As discussed in Understanding Multiple Endocrine Neoplasia, MEN is a group of hereditary disorders that causes tumors to grow in the body’s endocrine organs, the glands that produce hormones. MEN is separated into two distinct types: Type 1 and Type 2. This article focuses on MEN Type 2.
Multiple Endocrine Neoplasia Type 2a Symptoms
Because medullary thyroid cancer will affect almost all of the patients with MEN type 2a, symptoms related to growth in the thyroid gland are common. Because of the thyroid gland’s location in the neck, patients can become hoarse or have difficulties with swallowing or breathing.
Pheochromocytomas, the tumors of the adrenal gland that will affect about half of patients with MEN type 2a, overproduce “stress hormones” like adrenaline. Excessive adrenaline raises the blood pressure, quickens the pulse (which the patient can sometimes feel as a “racing heart” or palpitations), causes sweating, and may also cause headache. These symptoms tend to come and go in an unpredictable fashion.

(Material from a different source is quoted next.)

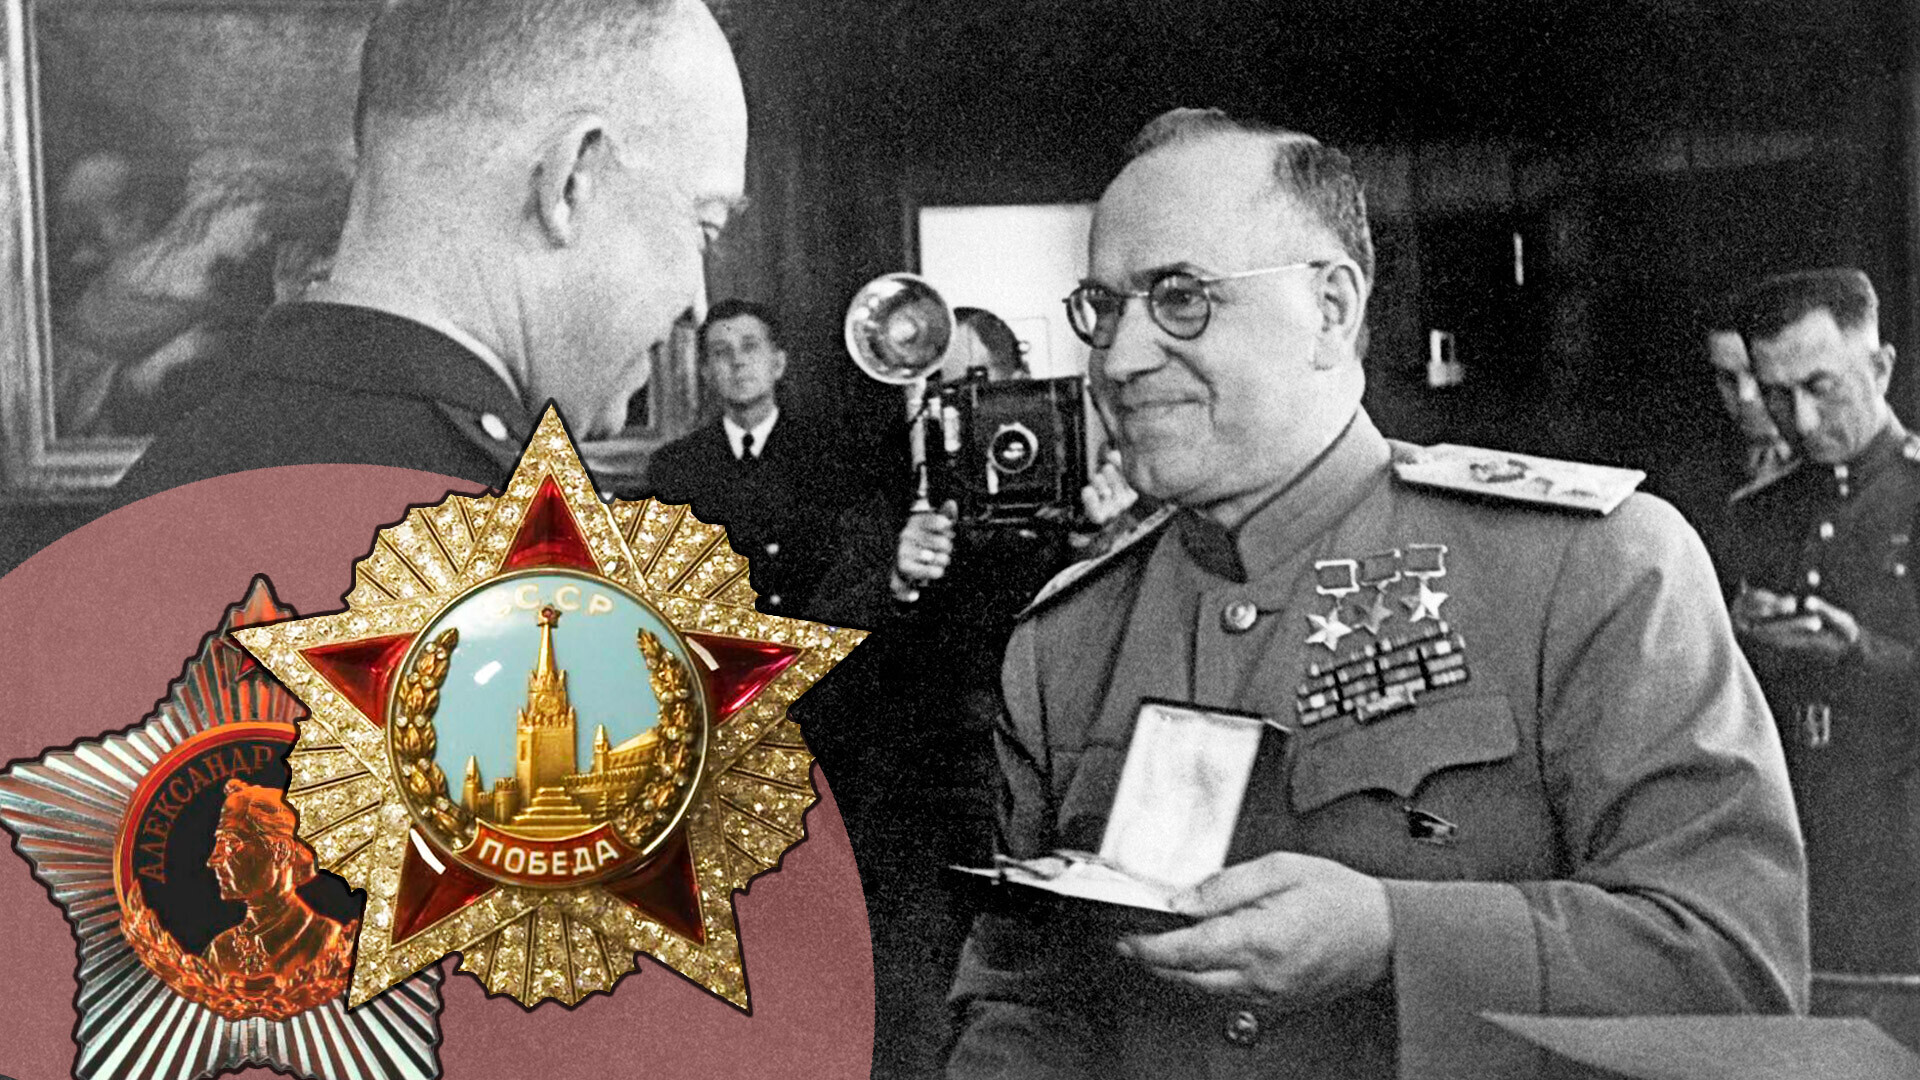 Marsekal Uni Soviet Georgy Zhukov mempersembahkan Orde Kemenangan kepada Jenderal Angkatan Darat Dwight David Eisenhower di Markas Tertinggi Pasukan Ekspedisi Sekutu di Frankfurt, Juni 1945.

Finally, the MEN type 2a patients are prone to the same problems associated with high calcium levels and hyperparathyroidism seen in MEN type 1.
Multiple Endocrine Neoplasia Type 2b Symptoms
In type 2b, patients tend to be tall and thin, with a narrow face, long fingers, and very flexible joints. Bumps can appear over their lips, tongues, and inner cheeks; these bumps are called mucosal neuromas. Patients with MEN type 2b almost never develop problems with their parathyroid glands.
These patients have similar symptoms to MEN type 2a, but rarely have problems with high calcium level. Instead, they can have severe difficulties with slowed digestion and constipation. In addition to the bumpy growths around and in their mouths, they can have visual problems due to early cataract formation, which clouds the lens at the front of the eye and interferes with transmission of light to the back of the eye.
Surgery in MEN2
It is appropriate for the treatment of MEN2 patients to involve surgery, and sometimes multiple operations.
The timing of preventive (or prophylactic) removal of the thyroid gland (thyroidectomy) requires careful consideration of the specific RET mutation that has resulted in the MEN2 syndrome. Certain mutations put even very young children at risk for medullary thyroid cancer, and infants at highest risk sometimes undergo surgery during the first year of life. A collaborative effort between a genetic counselor and an endocrine surgeon is usually needed to plan these surgeries. RET mutations that carry a lower risk for early, aggressive thyroid cancer may allow surgery to be postponed to later in childhood or young adulthood.
At the time of thyroid surgery, the adjacent parathyroid glands may also be evaluated and some of the glands can be removed if there is suspicion for hyperparathyroidism. Again, deciding which of the 4 glands should be cut out relies on the expertise of the surgeon, who can do sophisticated testing before and during the operation to isolate which glands are contributing the most to high calcium levels. Since MEN1 and MEN2a predispose all 4 parathyroid glands to eventually becoming overactive, the surgeon will sometimes “auto-transplant” the parathyroid glands from the neck to a location in the arm, where they are more accessible for future treatments.
Finally, the surgical approach to the MEN2 patient can involve removal of one or both adrenal glands if there is concern for pheochromocytoma. Because these tumors release chemicals that can have dramatic effects on blood pressure, they have to be approached very carefully. Even biopsies of suspected pheochromocytomas can merit the patient taking medications beforehand to regulate their blood pressure. Also, if pheochromocytoma and medullary thyroid cancer exist in the same patient at the same time, the pheochromocytoma is frequently taken out first to avoid complications with blood pressure during the operation to remove the thyroid. The refinement of surgical techniques means that part of the normal adrenal gland can sometimes be left behind (this is called “cortex-sparing adrenalectomy”) so that the patient can continue to benefit from the functions of that organ even after their pheochromocytoma has been removed.